Task directions: Everything in the listing except the pictures should be written out exactly.

Source material:
○ ○ ○ ○ ○
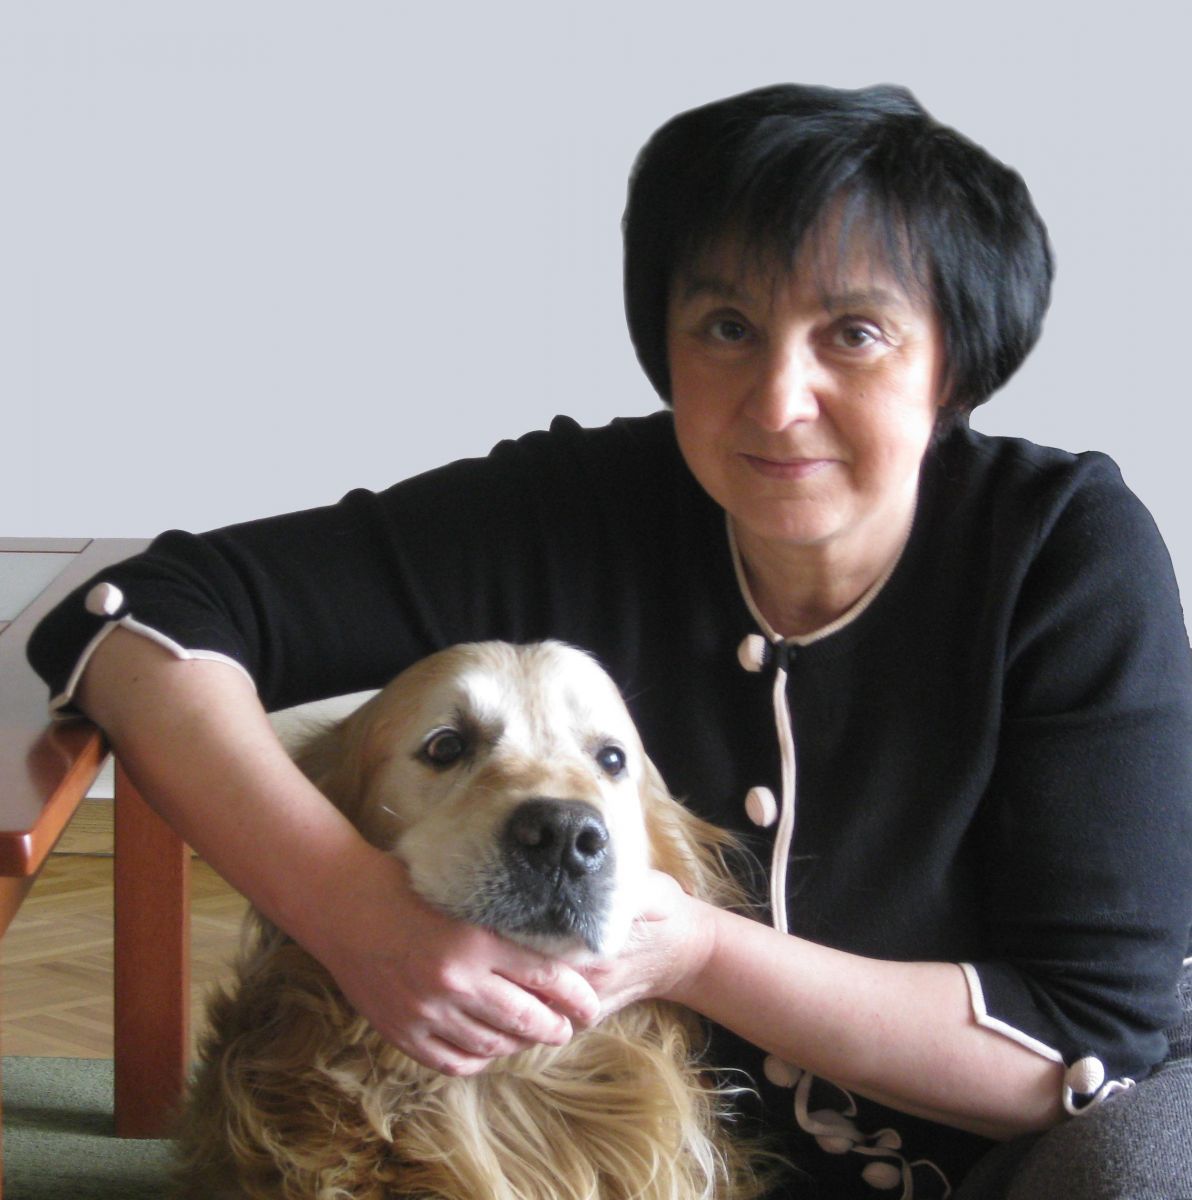 Fotografia portretowa Renata Piątkowska: uśmiechnieta kobieta w krótko ściętych włosach, trzyma obok siebie psa.
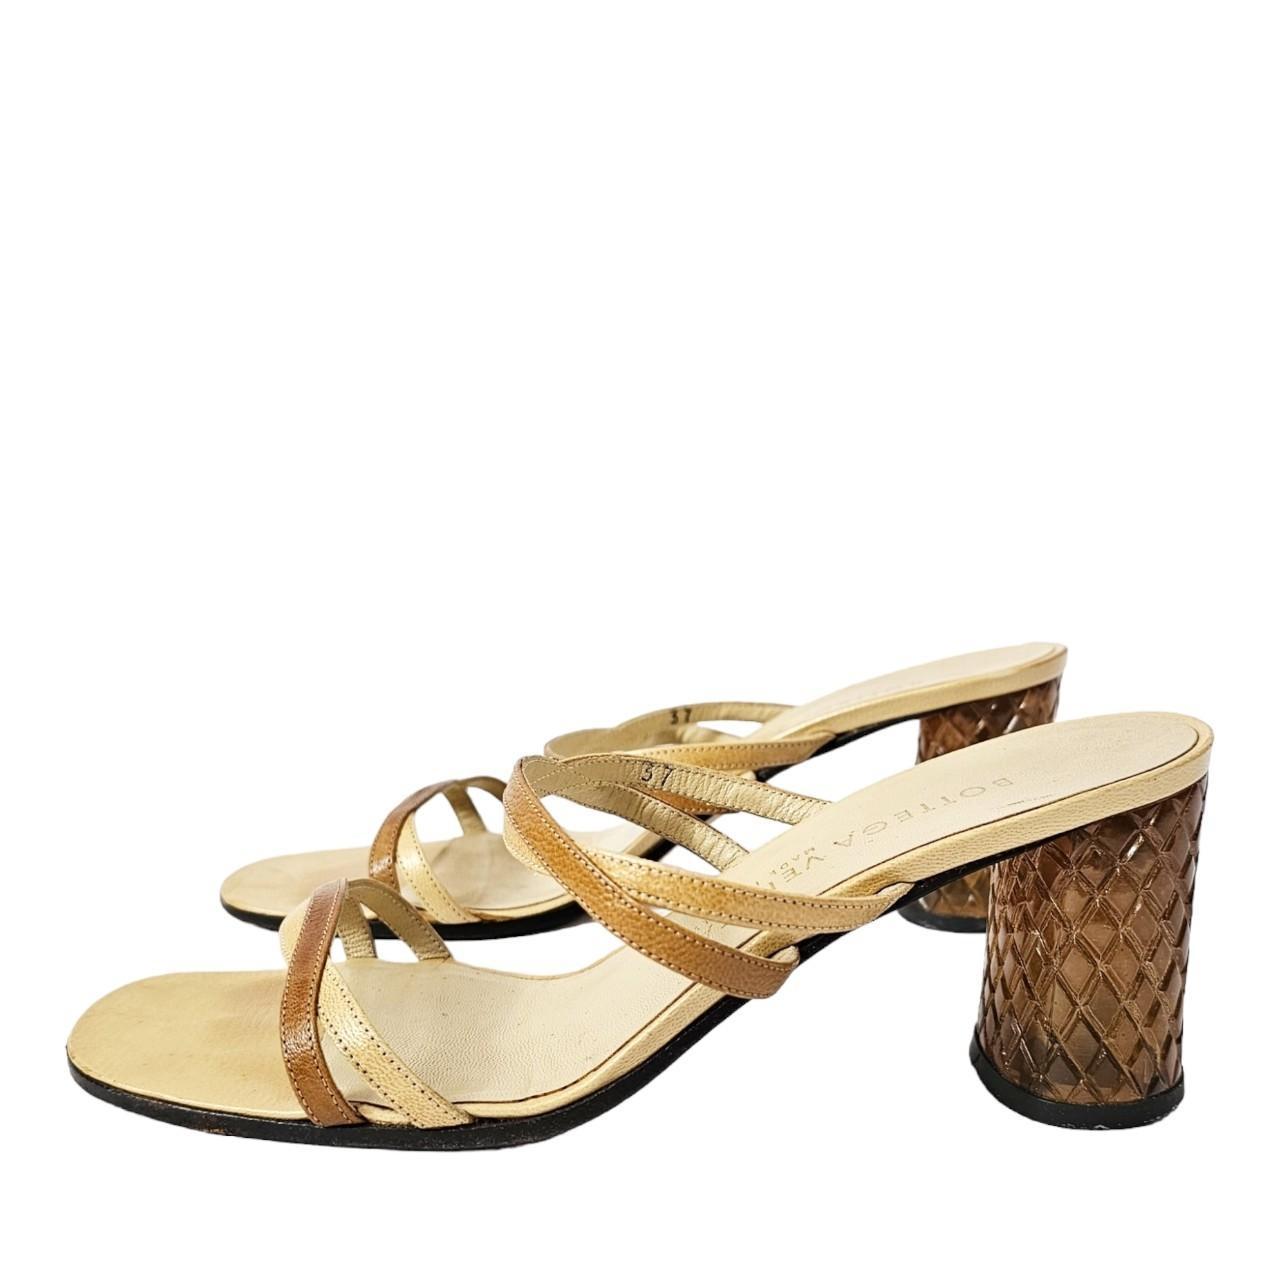 Bottega Veneta Women's Tan and Yellow Sandals - 1
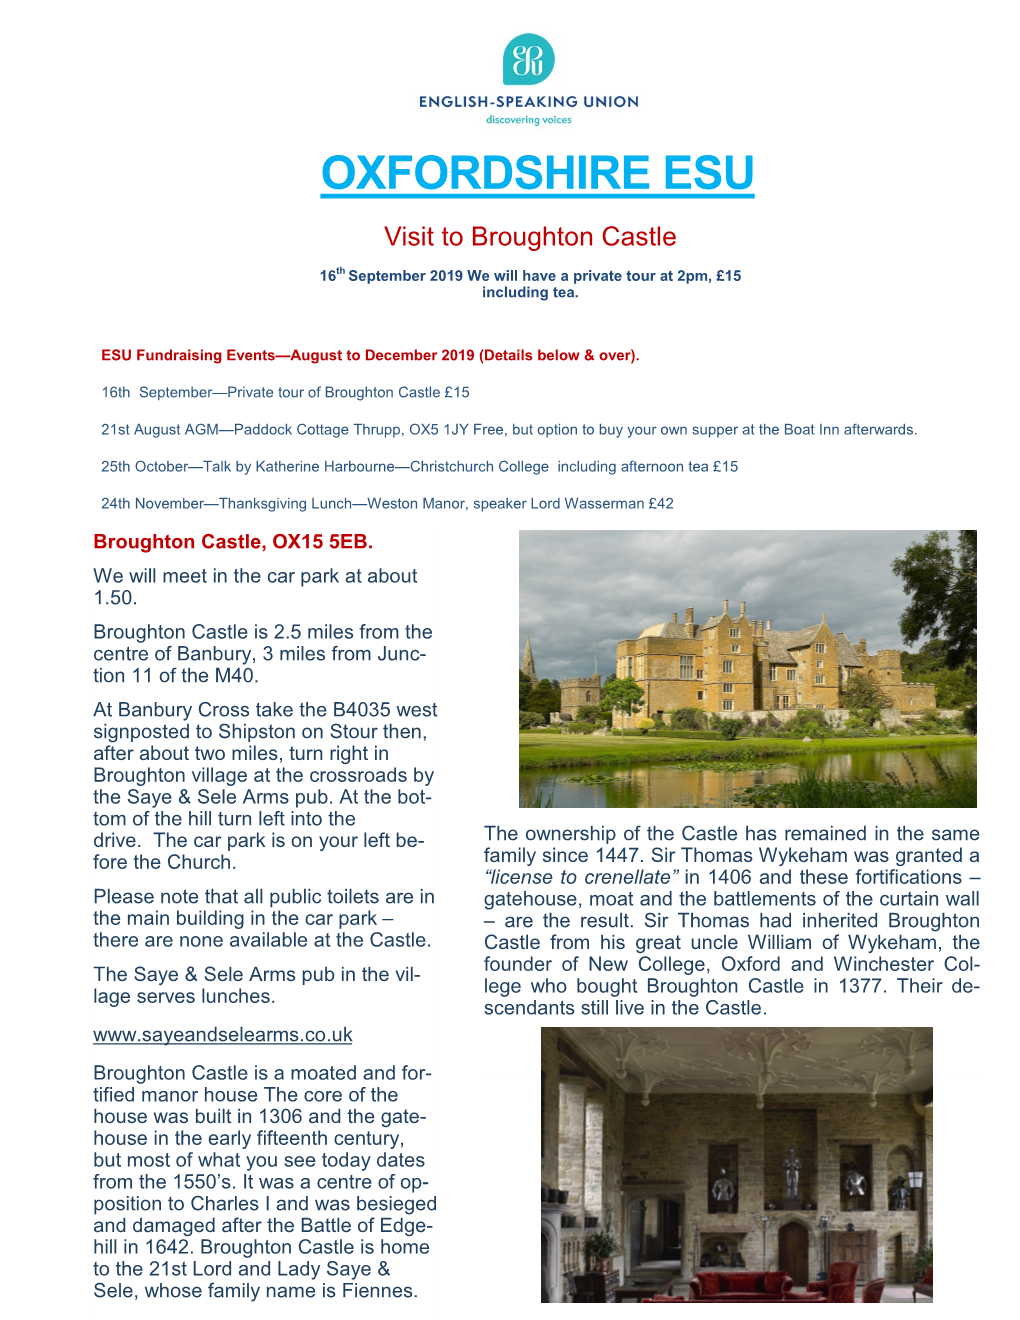 OXFORDSHIRE ESU Visit to Broughton Castle
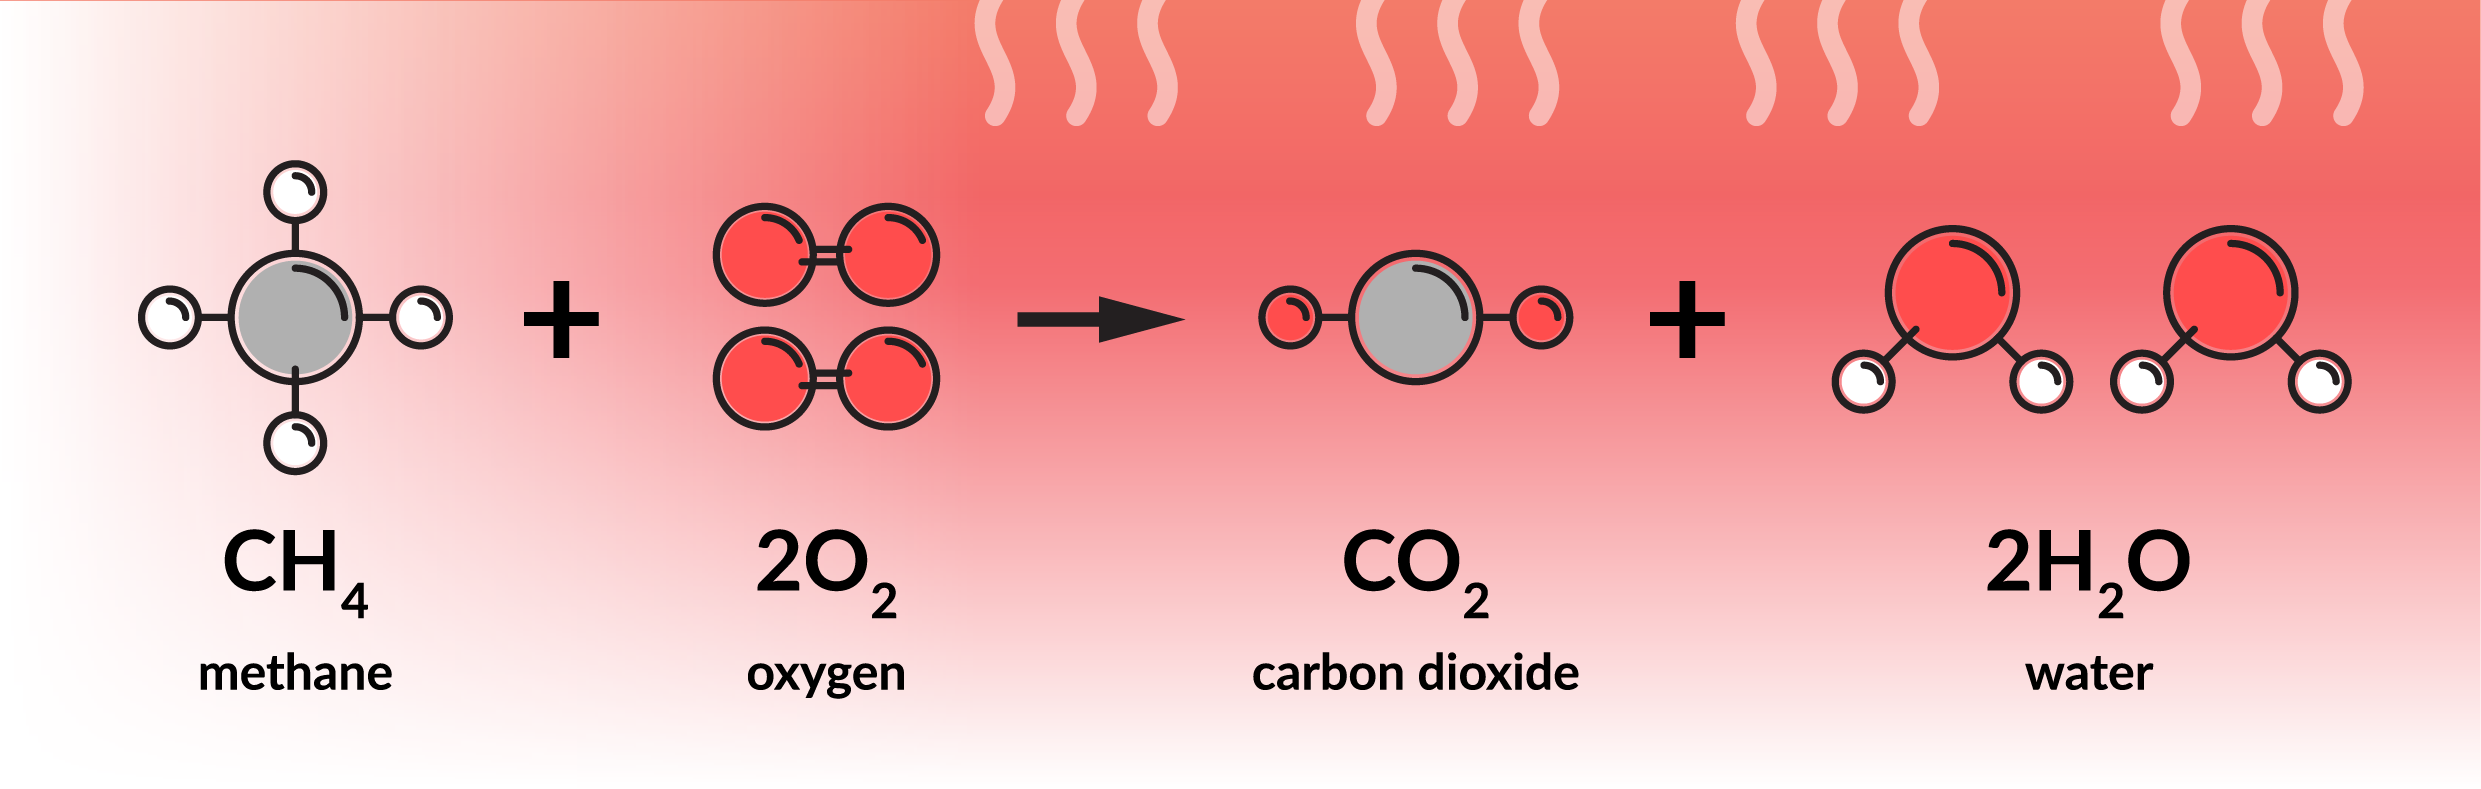 Comment le contrôle de la combustion permet-il d'assainir l'air ?
○ ○ ○ ○ ○
Answer to this exercise:
 Fotografia portretowa Renata Piątkowska: uśmiechnieta kobieta w krótko ściętych włosach, trzyma obok siebie psa.
 Bottega Veneta Women's Tan and Yellow Sandals - 1
 OXFORDSHIRE ESU Visit to Broughton Castle
 Comment le contrôle de la combustion permet-il d'assainir l'air ?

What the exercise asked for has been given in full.